January 6, 2012
There are few things as good on the green earth as first-press, extra-virgin olive oil from a little farm in the Italian countryside. It can‘t be found in American supermarkets and specialty stores where fancy-looking carafes of Italian extra-virgin abound, all too often mixed with chemically-rendered oil from someplace else.
The best Italian olive oil comes in hand-lettered, recycled bottles. It is way too perishable for export, produced in minuscule quantities chiefly for the grower’s family and friends. To get it you have to roam back roads in the Italian sticks.
That’s because, like wine, superior, extra virgin Italian oil tastes of the place it comes from—of the sunny hillside in Tuscany or Campania where the olives were grown, of the mill where they were pressed, maybe even of the sweat on the harvesters’ brows. But unlike most fine wines, which benefit from aging, olive oil is most flavorful when freshly pressed. How do I know?
Because a few years ago while I was living in Rome, my niece Sarah and her friend Phil came to Italy to pick olives. They‘d both just finished four years at New York University and wanted to take a break before joining what is known as the “real world.” Of course, they didn’t have much money, but it didn’t matter because an organization called World Wide Opportunities on Organic Farms helped them find places to bring in the olive harvest in exchange for bed and board. Which is what I call clever.
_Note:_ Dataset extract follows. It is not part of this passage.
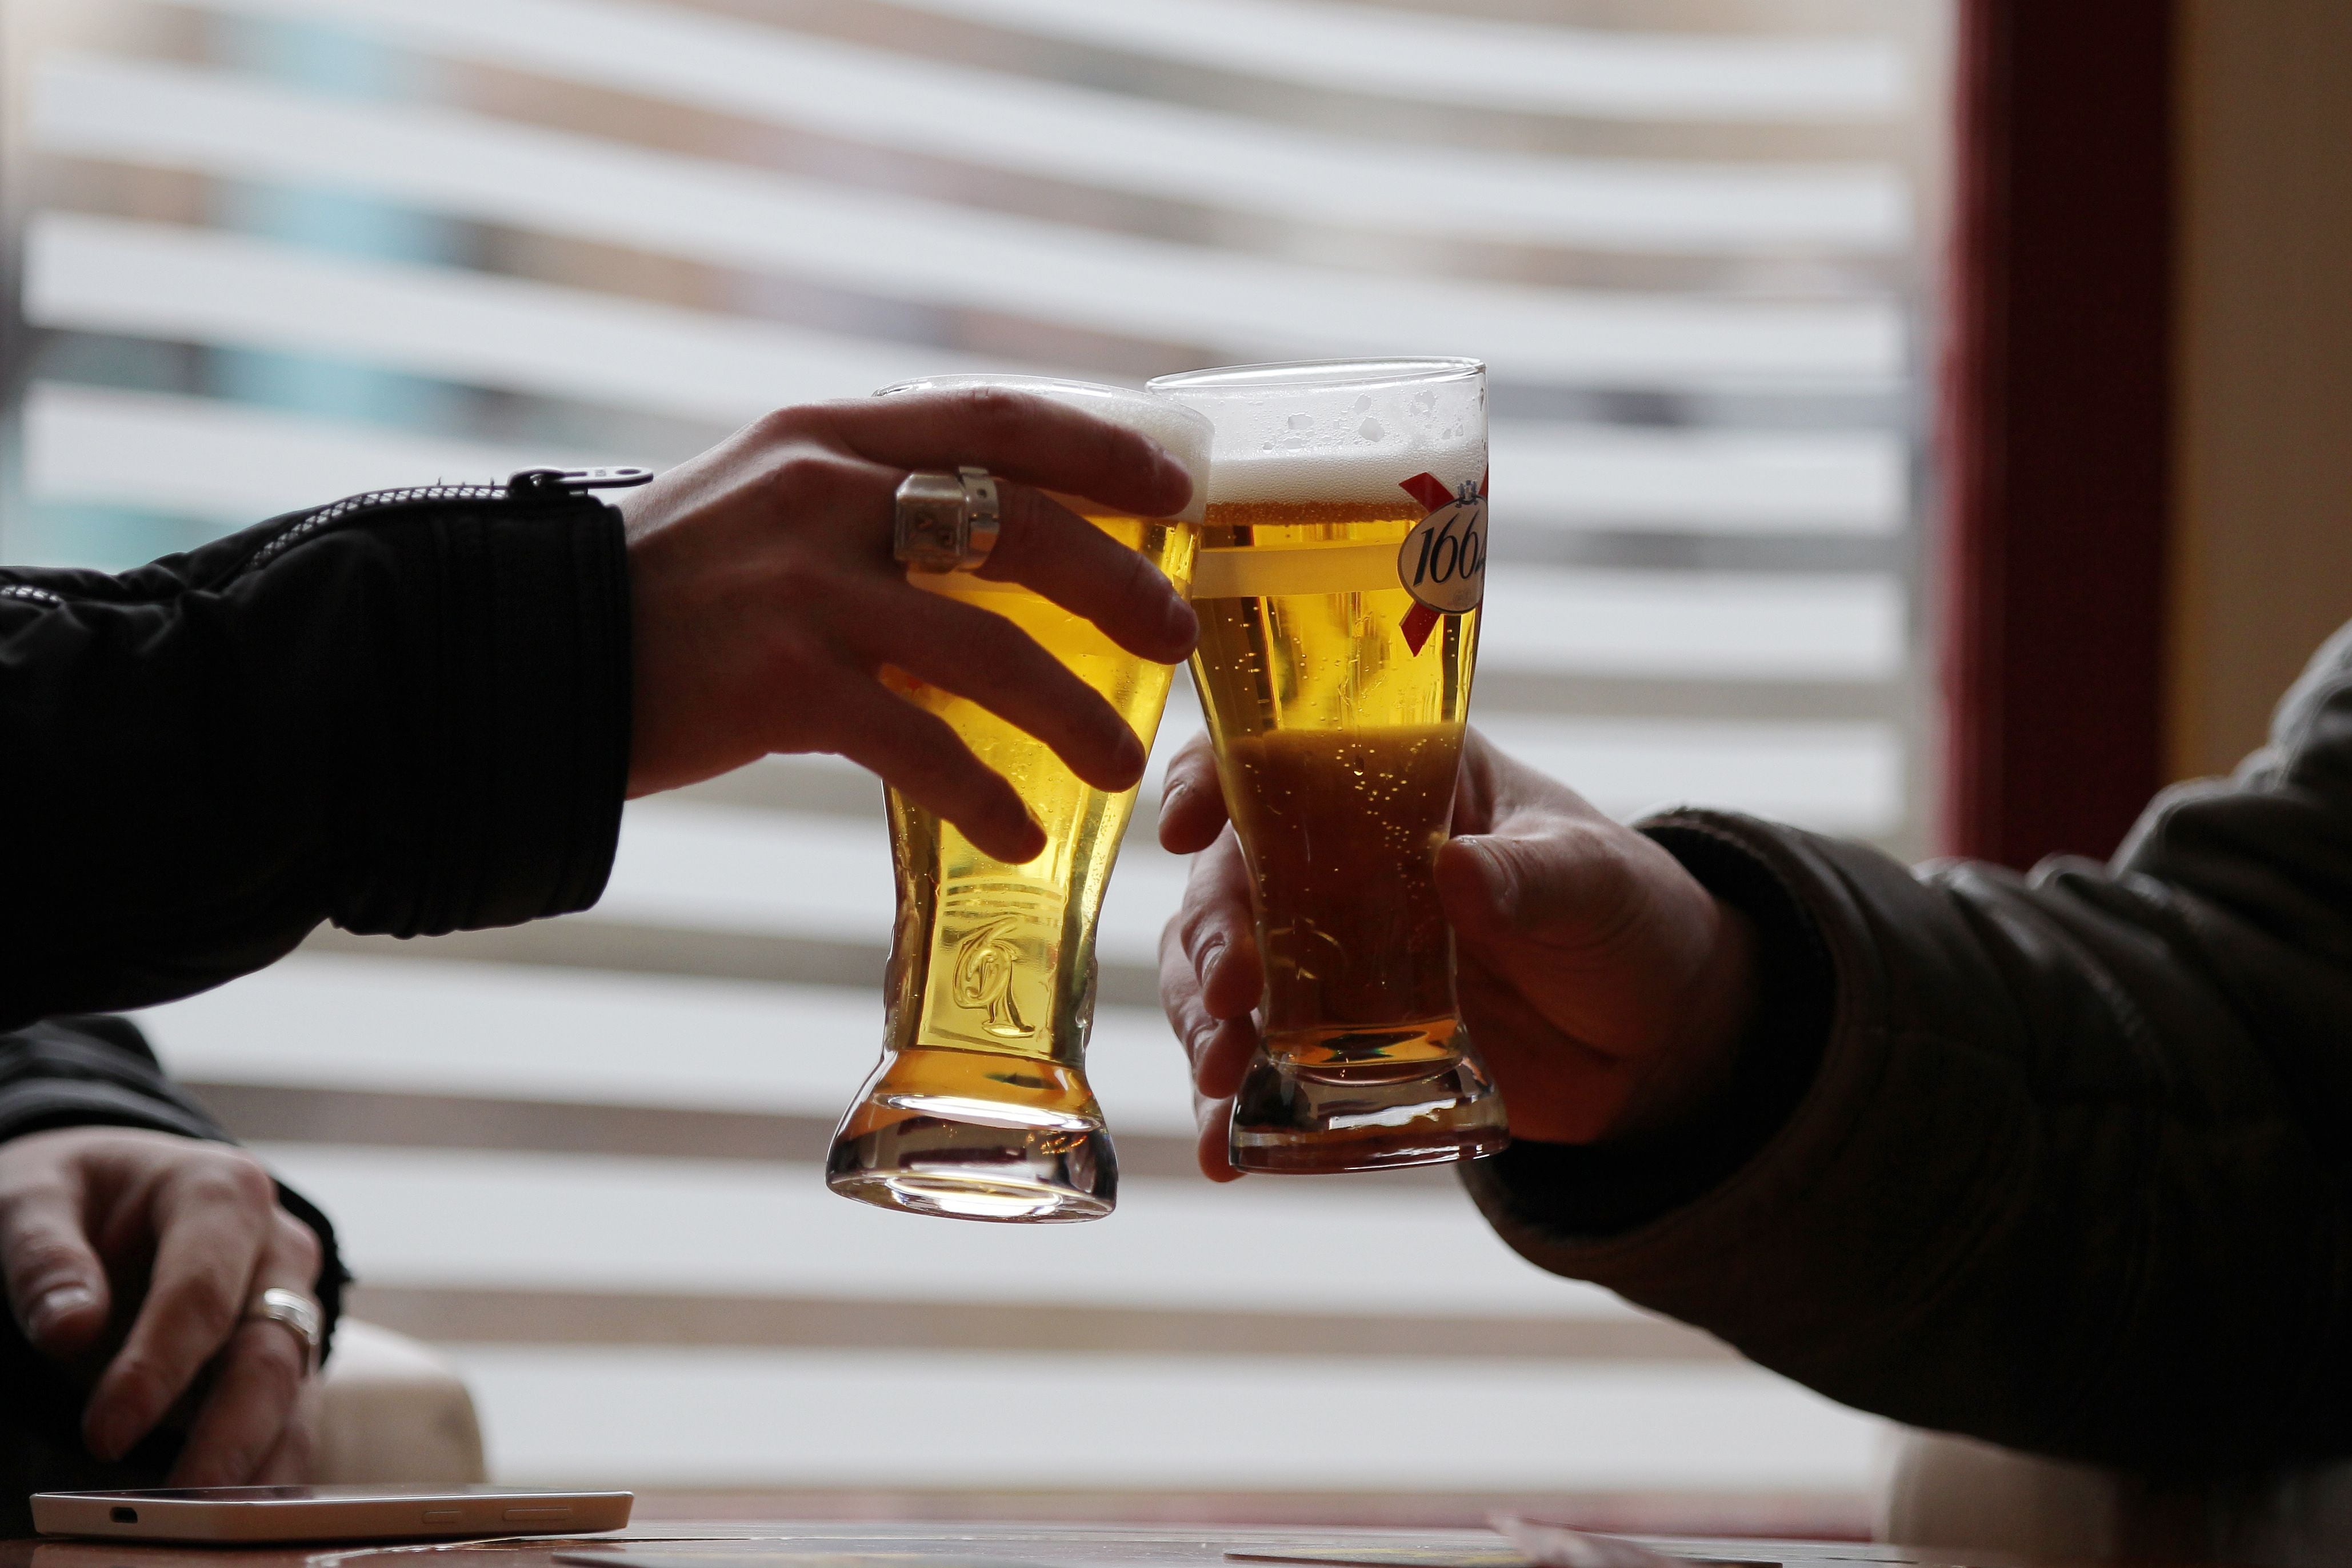 Representative image: Researchers conducted a field-based study of heavy drinking young adults to determine the accuracy and acceptability of a new sensor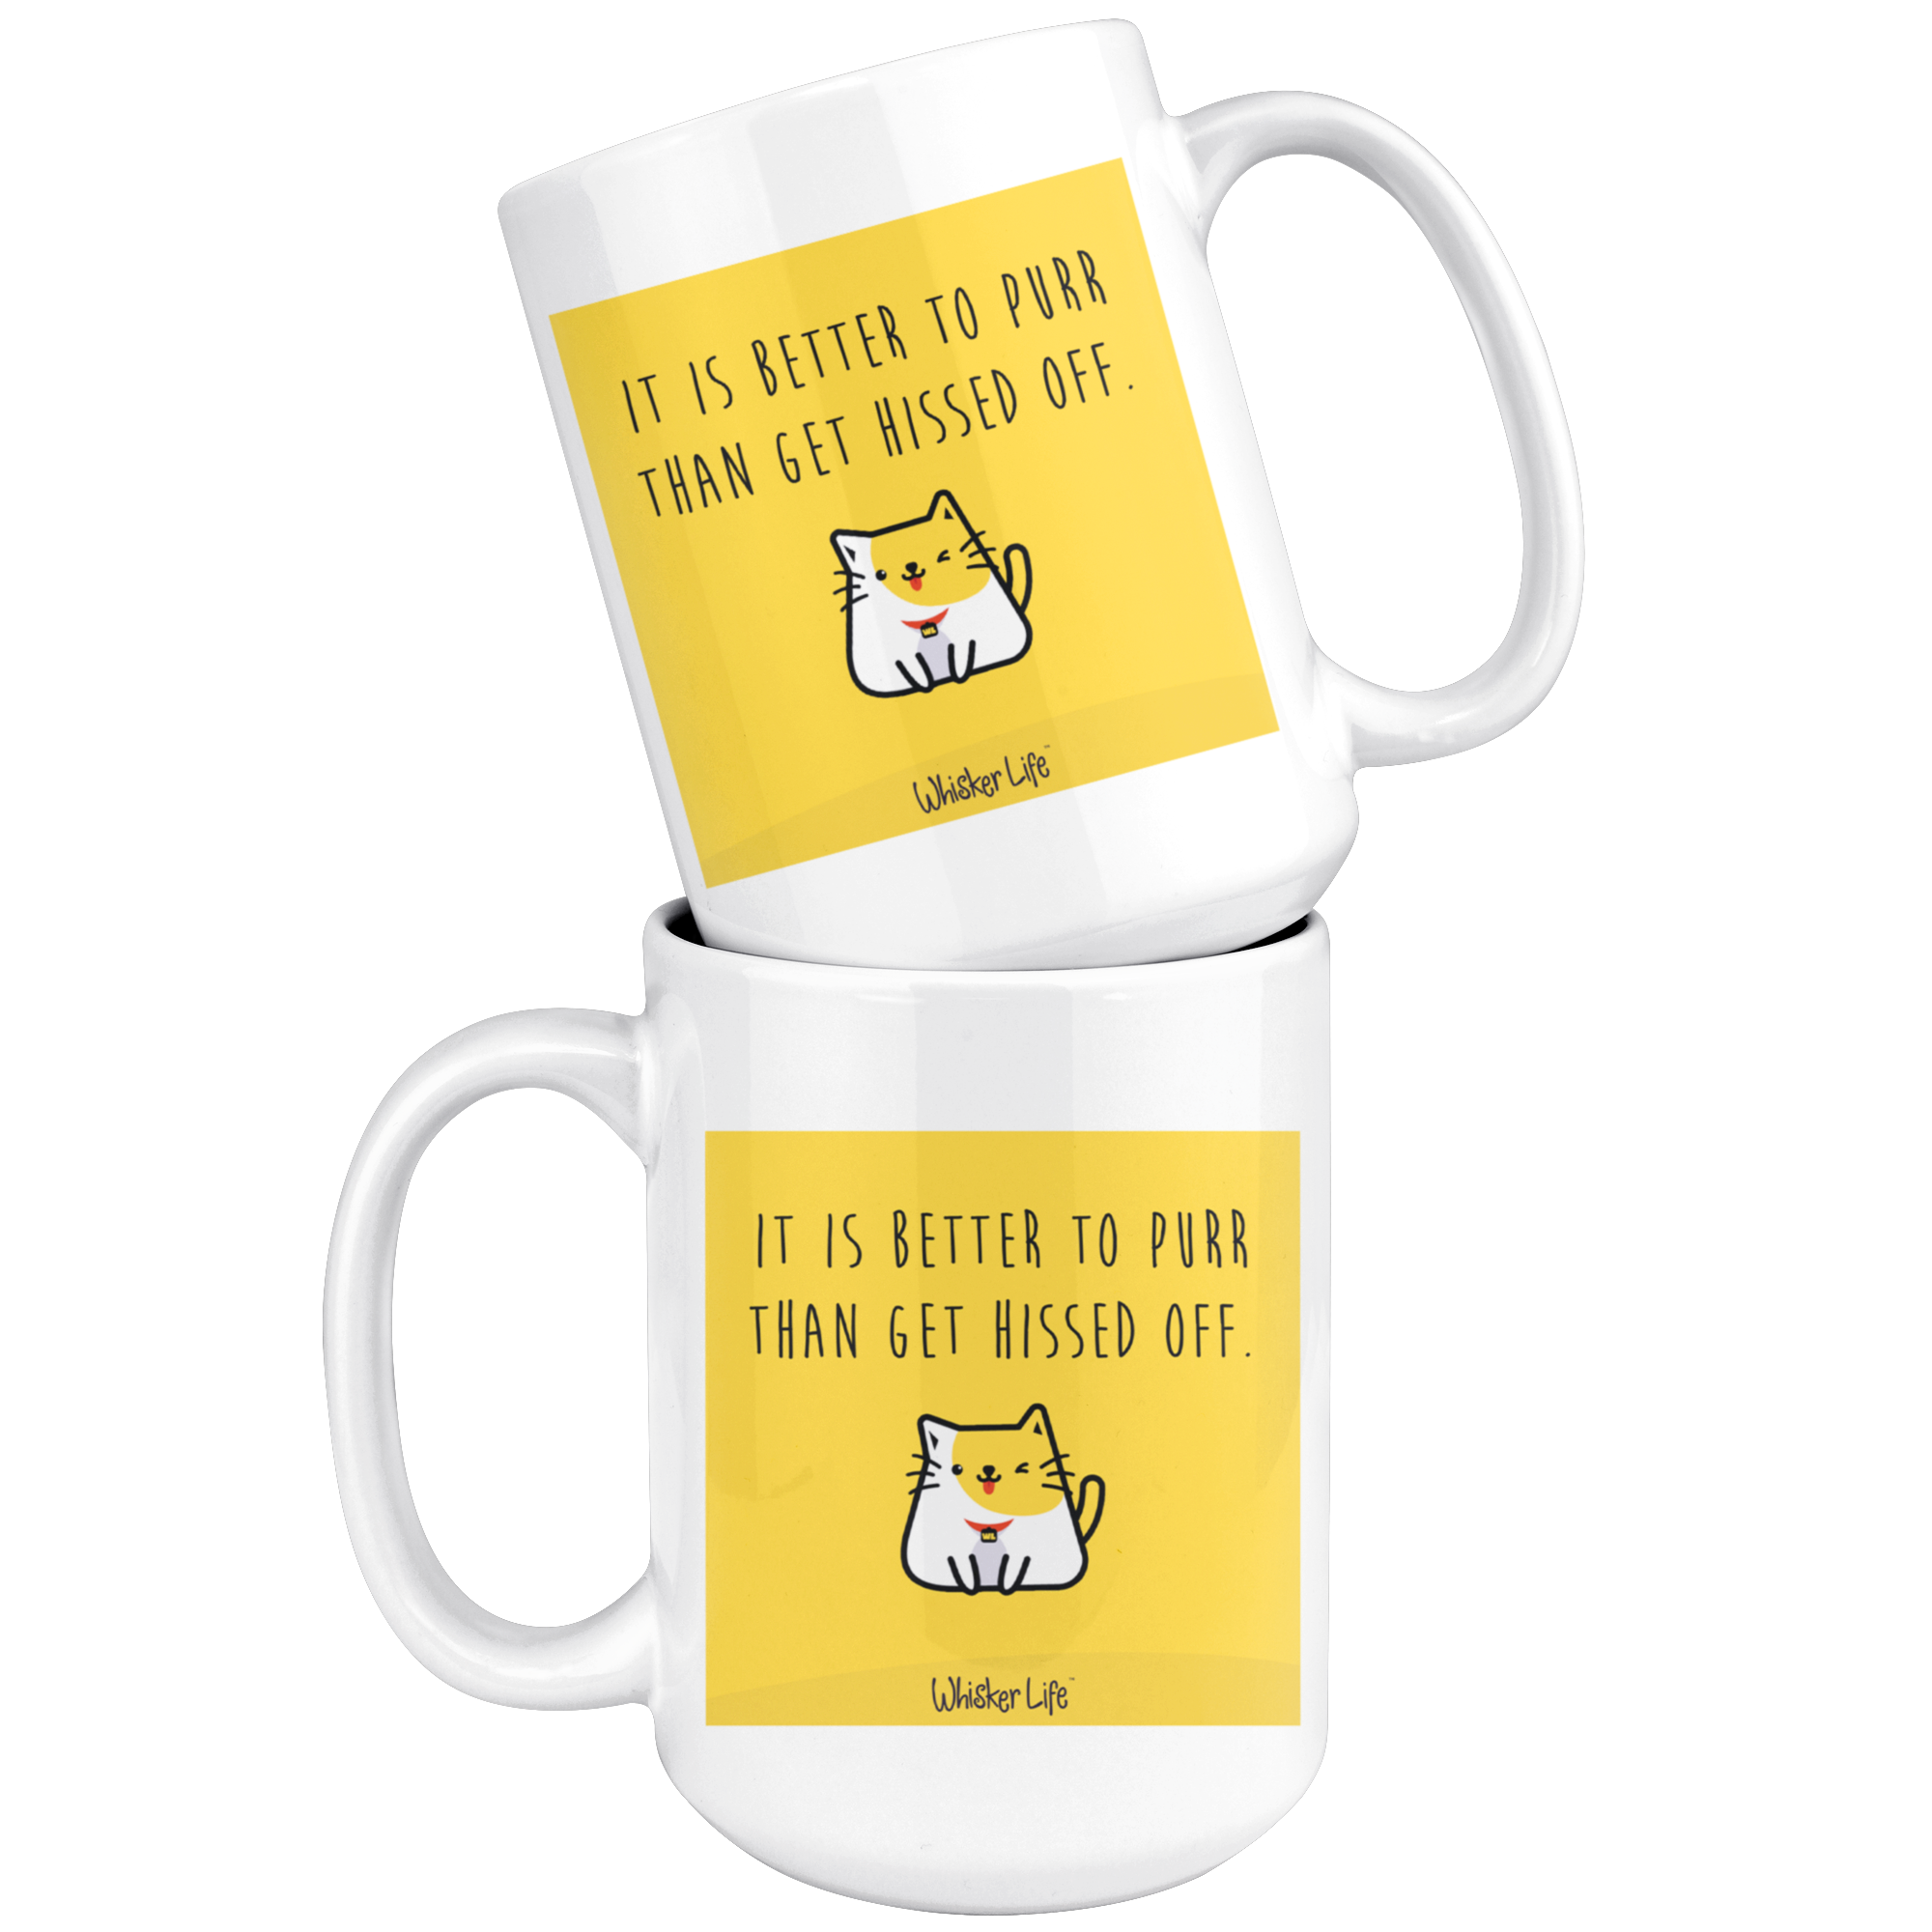 It Is Better To Purr Than Get Hissed Off - Whisker Life Large 15 oz Coffee Mug

They stayed at my apartment in Rome before taking the train to a farm west of Florence. Once they got there I phoned Sarah every other day to find out how two city kids who know more about iPods than olives were faring in the in the deep Italian countryside.
Just fine, it seemed. Sarah was climbing gnarled old trees like a monkey, shaking the fruit into nets spread around the trunks and taking the harvest to the local mill where she and Phil observed its miraculous conversion into the nectar of the gods.
After spending a week there, the kids came back to Rome with a sample of the farm’s first press in an old vinegar bottle with tape securing the top, a gift I‘ll never forget. Homemade olive oil such as this is like no other I’ve ever tasted—ripe, viscous, fruity and way too precious for cooking. I parsed it out on salads, knowing that my life would be emptier when the bottle was drained.